The bug was latent. It was a trap laid for the first person to do something entirely reasonable: add a PersistentPreRunE to one of their own subcommands. go-tool-base is a framework other tools are built on, so that person was never going to be me. The instant a downstream author did the obvious thing, their config and telemetry would vanish for that branch of their tool and nothing would tell them why.

That is the kind of bug I least like shipping. It compiled. It passed the tests. It would have demoed perfectly. And it sat there waiting to hand a stranger a debugging session with no breadcrumbs, for the crime of using a standard cobra feature the obvious way.

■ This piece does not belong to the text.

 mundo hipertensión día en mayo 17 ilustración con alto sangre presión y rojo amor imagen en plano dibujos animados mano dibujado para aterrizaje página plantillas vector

One line, and a note for whoever’s next

The fix is the line I was so sure already existed (root.go):

// Run every parent PersistentPreRunE from root to leaf rather than only the
// closest one. Without this, a downstream subcommand that defines its own
// PersistentPreRunE silently shadows the root bootstrap (config load,
// telemetry, update check) for that subtree. With it set, the framework
// bootstrap always runs first and a child hook runs after it.
cobra.EnableTraverseRunHooks = true

With it set, cobra runs the root start-up first and then the child’s hook, in order, so a downstream command adds to the setup instead of replacing it.

I didn’t want to stop there, because the next author to add a child hook still deserves to understand the ordering. So the change also drops a one-time debug line if it spots any command in the tree carrying its own PersistentPreRunE (the same file), saying out loud what’s going on:

l.Debug("a downstream command defines its own PersistentPreRunE; " +
	"it runs AFTER the framework bootstrap (config load, telemetry, update check), not instead of it")

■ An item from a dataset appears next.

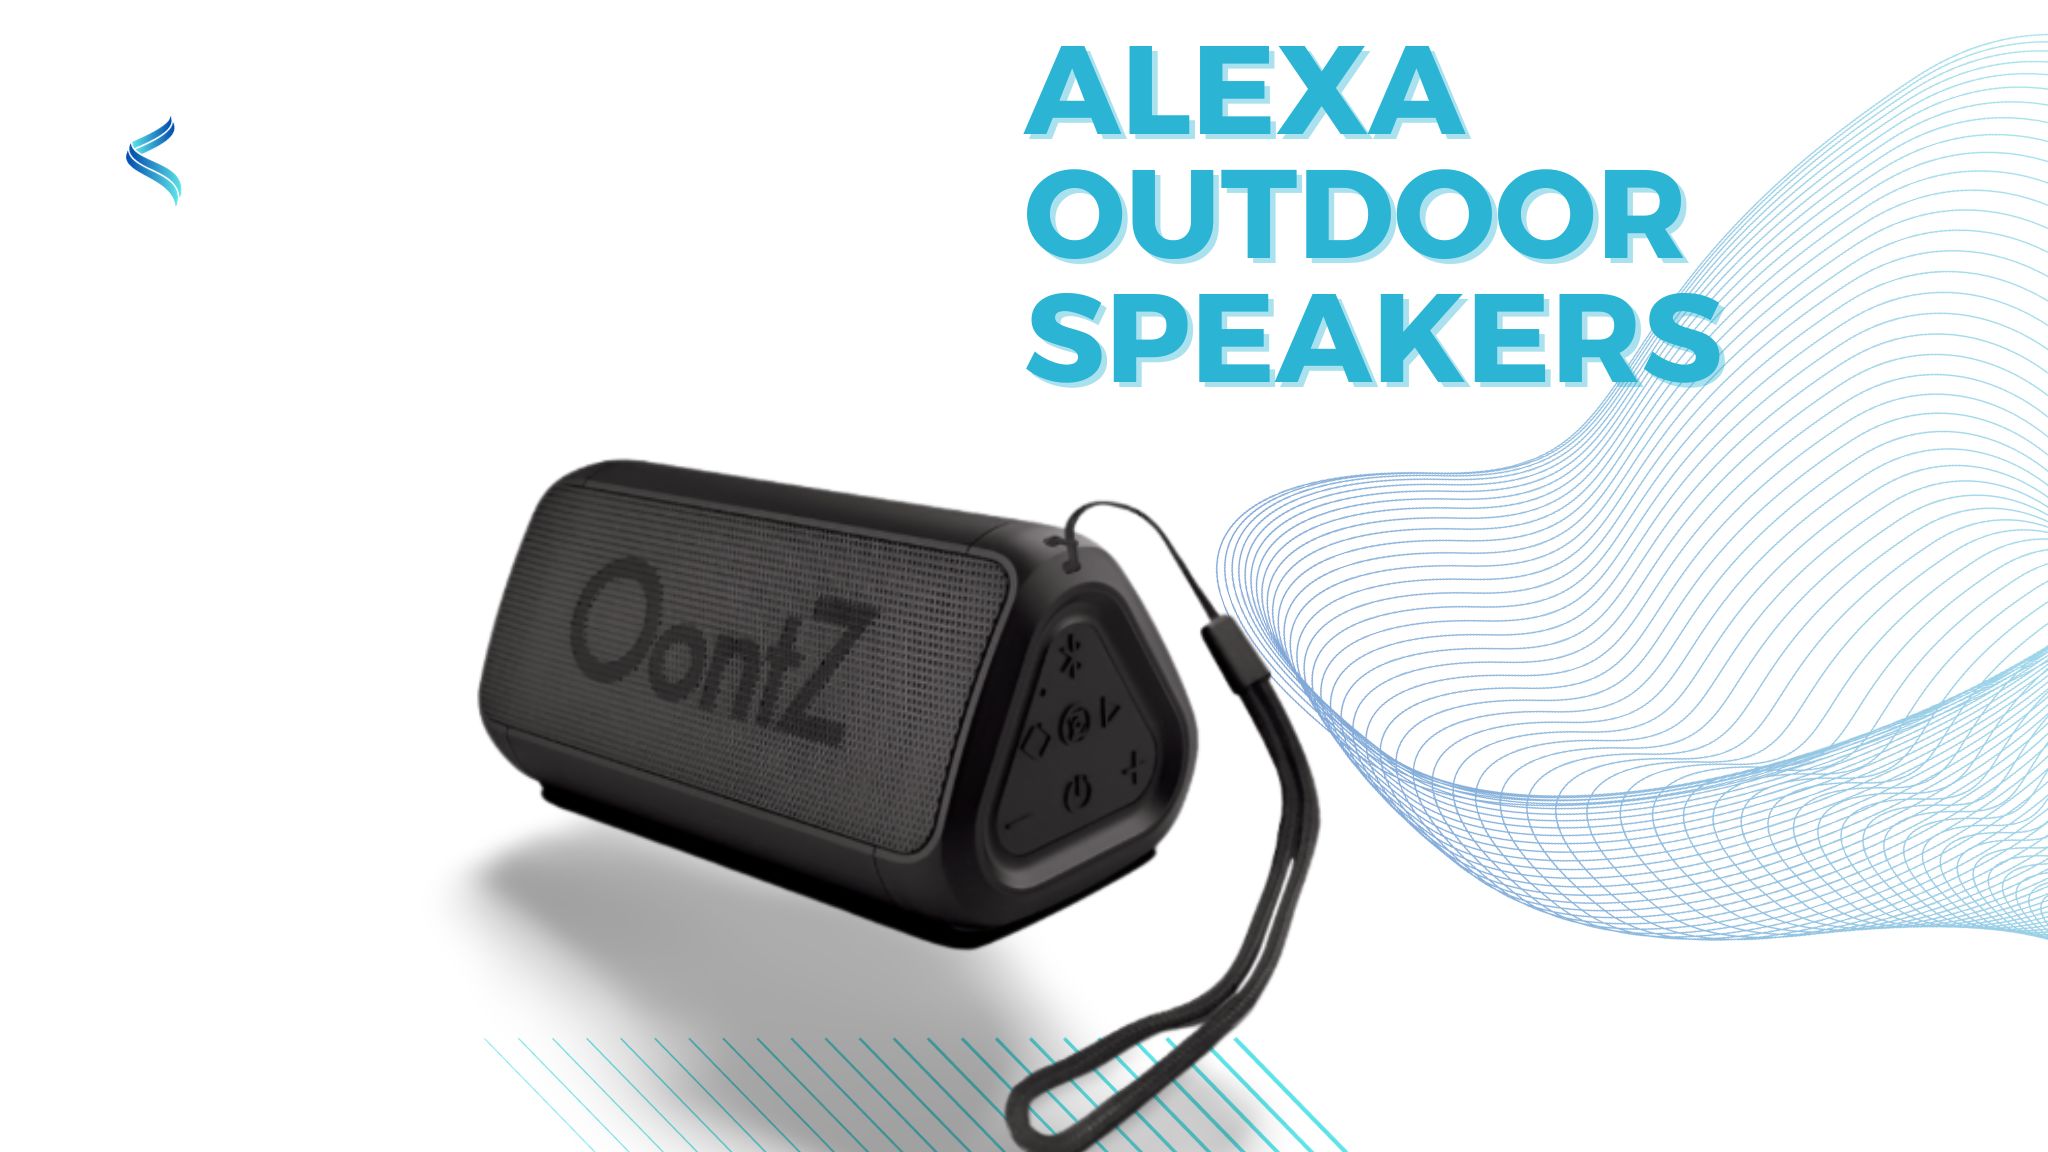 Outdoor Alexa speakers

And, belt and braces, the collector now defaults to a no-op so the few paths that do legitimately return early, like init and help, still satisfy the “always non-nil” promise the rest of the code relies on. The whole thing shipped with a pair of regression tests that assert the bootstrap really does run when a child hook is present, and that it runs first. It’s all written up in a short spec and landed in one commit.

Trust, but grep

There are two things worth taking away. The cobra one is portable: if you rely on PersistentPreRunE cascading down a command tree, set EnableTraverseRunHooks, because “persistent” means less than it sounds and the nearest hook wins by default.

The other is the one I keep having to relearn. The settings I’m most certain about are the ones I never check, precisely because the certainty is what stops me looking. Somewhere along the line I’d promoted “I meant to” straight to “I did”, with nothing in between… and then defended it out loud before I’d even gone to look. A review agent is good at exactly that blind spot: it has no memory of intending to do something, only the code in front of it. The best thing the audit turned up wasn’t a clever bug. It was a flag that was never there. Leaving the campsite better than you found it has to include the traps nobody’s stepped on yet.